Retired generals discuss Iraq exit in New Hampshire

Brig. General John Johns, a Council for a Livable World board member, and Lt. General Robert Gard, Senior Military Fellow at the Center for Arms Control and Non-Proliferation, are up in New Hampshire right now speaking about responsible U.S. exit strategies from Iraq.

The trip, organized by a number of activist groups, is explained in greater detail at StandUpCongress.

The AP ran a nice piece on Johns and Gard this morning that was printed in the Concord Monitor, Foster's Daily Democrat, and Nashua Telegraph in NH. That's what I call targeted messaging.

Here are some highlights from the press coverage:

Retired generals against the Iraq war are bringing their message to New Hampshire, the first primary state and home to vulnerable Republican U.S. Sen. John Sununu. 

Gen. Robert Gard and Brig. Gen. John Johns, both retired, are teaming up with Win Without War, a group pushing for American withdrawal from Iraq within one year, and are scheduled to speak at a town-hall-style meeting today in Manchester. Win Without War was founded in 2002 and counts, NAACP, Sierra Club, National Organization for Women and several church groups among its coalition members.


Johns, 79, said he is an independent who voted for Democrats Al Gore in 2000 and John Kerry in 2004. But he said his opinion of President Bush did not sour until 2002, when talk surfaced of invading Iraq. 

"It was one of the great blunders of history to go in the way that we did," said Johns, who retired from the military in 1978. 

"I was indifferent until 2002, when it became clear that he planned to go unilaterally into Iraq. . . . At that point, I became an activist."

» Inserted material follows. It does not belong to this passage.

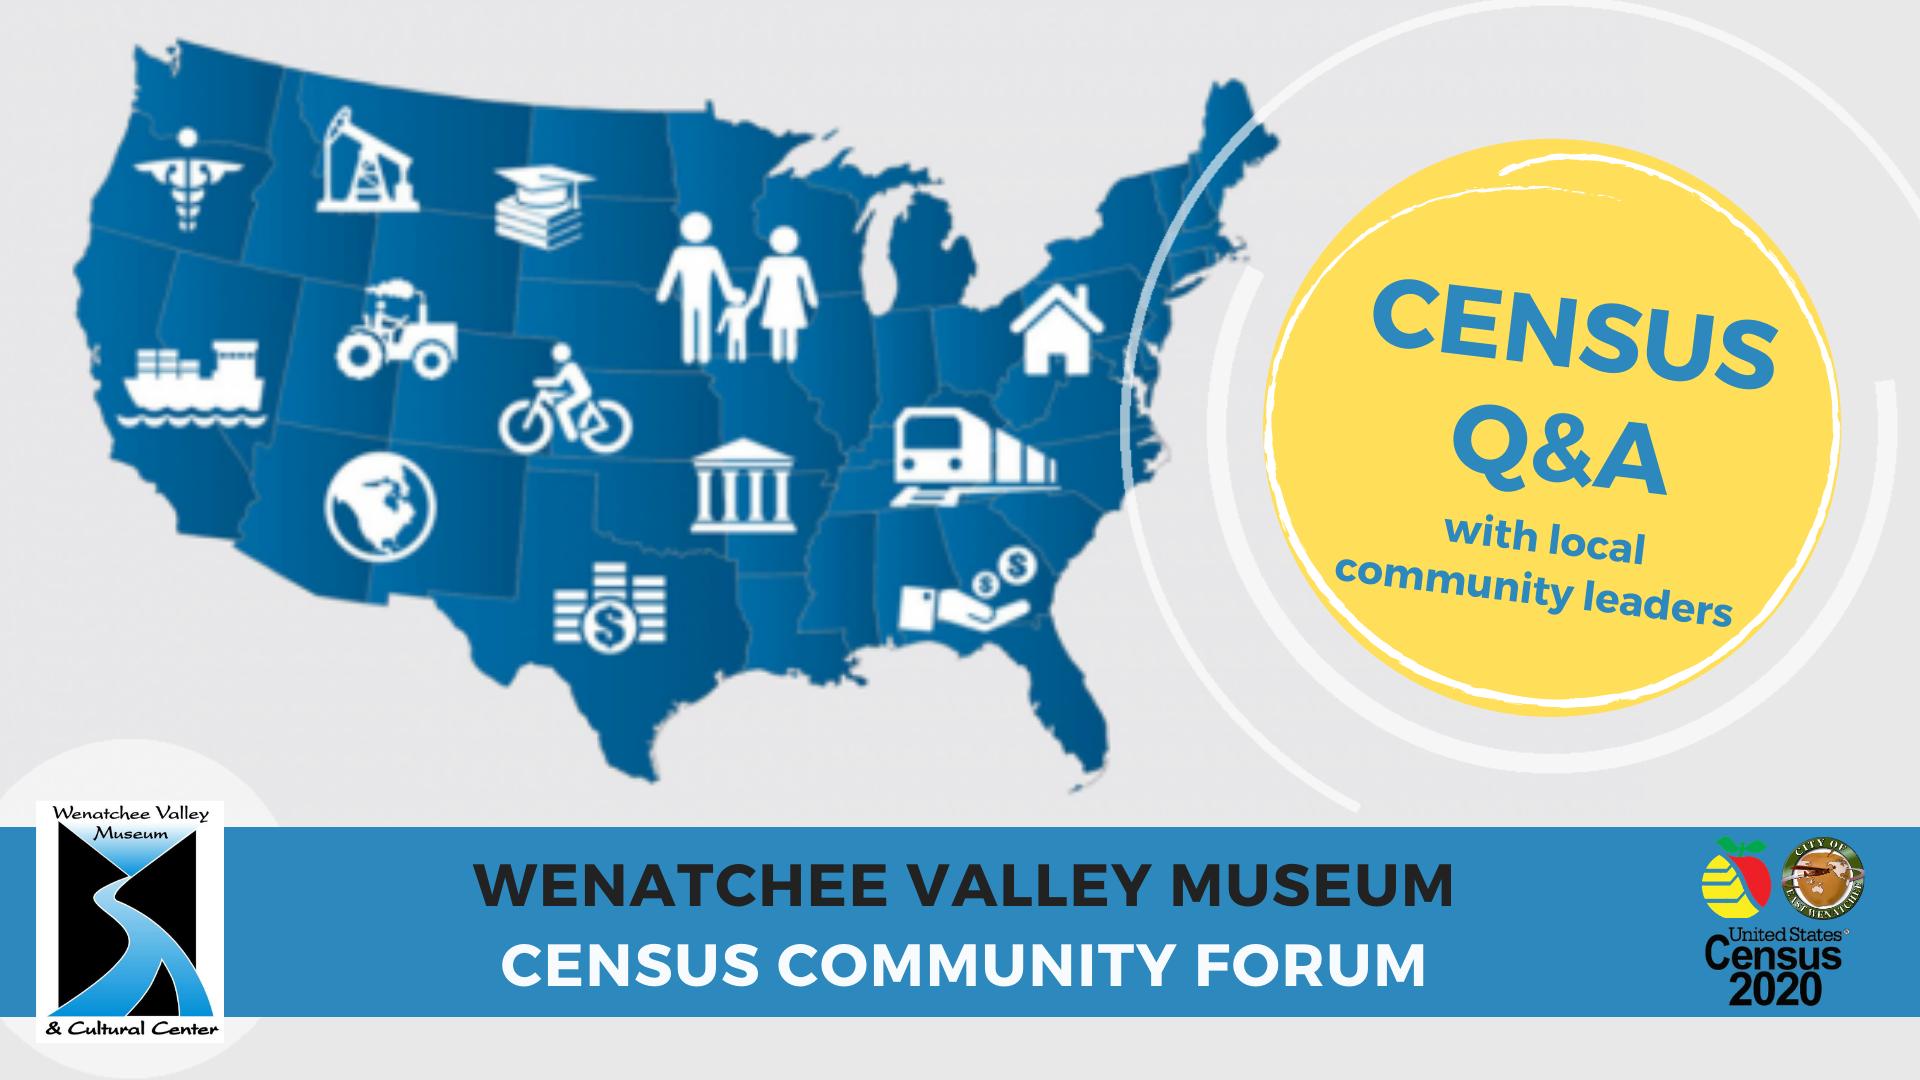 Census Q&A Session

Gard said he voted for Bush in 2000. "That was a bad mistake on my part, and I knew it as early as 2002," Gard said, echoing Johns's comments. He said increasing U.S. troop levels in Iraq now is not a solution that can lead to a military victory or stabilizing the country. "It's not winnable with military force. We are exacerbating, not solving, the problem," Gard said.